Конечно, случайность всегда остается случайностью, но в разумно организованном обществе она легко погашается. В нем преобладает тенденция к порядку. Иное дело — буржуазное общество, которое описывает Уиндэм. Оно само по себе построено по принципу случайности, по законам вероятности. Случайность — удача и неудача — возносит и губит искателей коммерческого счастья, случайность, именуемая хозяйственной конъюнктурой, приводит к разрушительным промышленным кризисам, нарастающим и обрушивающимся на общество, как снежный обвал (люди поколения Уиндэма еще помнят страшнейший кризис конца двадцатых-начала тридцатых годов), случайность определяет людские судьбы. В этом атомарном, индивидуалистическом обществе закономерности вырисовываются с трудом и постигаются далеко не сразу, случайность кажется царицей мира. Кинь в этот хаос еще одно обстоятельство, еще одну случайность, и нестойкое равновесие нарушится, лавина сорвется с места. Роль этой роковой, сдвигающей с места лавину случайности может сыграть все, что угодно, — ведь всякое усовершенствование, открытие, преобразование осуществляется ради узкой практической цели. Далекие общественные последствия отнюдь не интересуют дельца. Ему важно одно — получить прибыль. Он и смотрит на все с этой единственной точки зрения. То, что триффиды, скажем, не только дают ценные масла, но и представляют собой потенциальную общественную опасность, мало кого трогает, пока не разражается бедствие.

Отсутствие единой цели у современного буржуазного общества кажется Уиндэму не просто одним из его недостатков, но страшнейшим его пороком, чревато постоянными опасностями для людей, в нем живущих.

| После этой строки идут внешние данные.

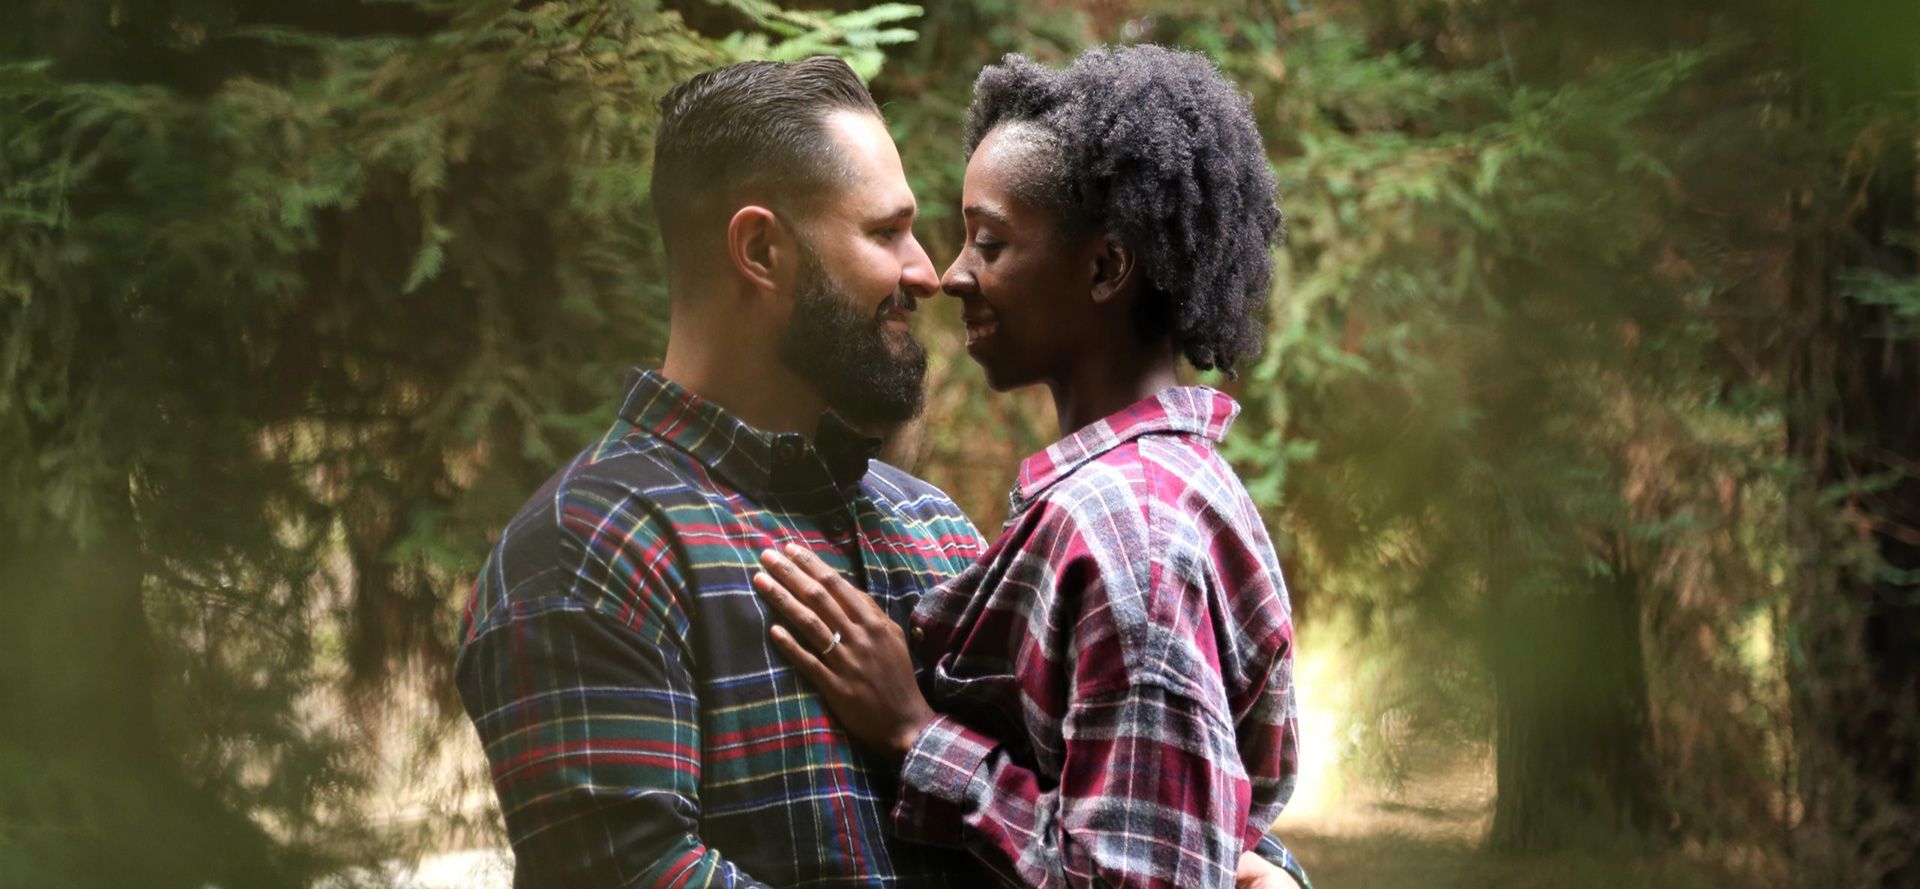 Hvid mand og sort kvinde på date i skoven.

Среди этих опасностей не последнее место занимает опасность нравственного вырождения. Человек живет здесь изо дня в день. Его жизнь лишена настоящего смысла. Недаром герой «Дня триффидов» чувствует себя внутренне более счастливым в мире опасностей и тяжелого труда, чем прежде. У него появилась цель в жизни.

Уиндэм — за общество более организованное, общество, где коллектив и личность видели бы свою цель в служении друг другу, общество, которое черпало бы свою силу в своей эффективности и полезности. Но он одобряет далеко не всякий путь к эффективному, организованному обществу. Да и не всякий вид «организации» для него приемлем.

Нечего и говорить, что Уиндэм отметает те формы «эффективности», от которых за сто верст разит фашизмом. В «Дне триффидов» к герою являются такого рода молодчики, и он обходится с ними так, как они того заслуживают. Человечество даже тогда, когда обстоятельства толкают его к старому, должно все равно стремиться вперед, говорит Уиндэм. Оно ведь в ходе развития накопило не только материальные блага, но и исторический опыт. Человек проходит свой путь лишь однажды и лишь в одном направлении. Возвращение вспять возможно лишь за счет утраты человека.

Однако Уиндэм не принимает и те формы перестройки жизни, которые кажутся ему «движением толпы». В «Дне триффидов» читатель без труда обнаружит сюжетные повороты, продиктованные этой позицией Уиндэма. Несмотря на то, что Уиндэм относится с симпатией к рабочему агитатору Коукеру, он заставляет его раскаяться в избранном пути, поскольку этот путь ни к чему хорошему не привел. Путь научный и путь народный — это для Уиндэма понятия, во всяком случае, не совпадающие. Не этим ли объясняется мрачный, местами непроглядно мрачный колорит его романов? Рассказывая о временах, когда столько надо сделать, когда, собственно говоря, надо отстоять жизнь и всю ее перестроить заново, он пишет о каких-то чудодейственных средствах против триффидов. Писателю, который нарисовал катастрофу, постигшую всю нашу планету, заметно не хватает размаха, едва речь заходит о какого-либо рода общественных движениях.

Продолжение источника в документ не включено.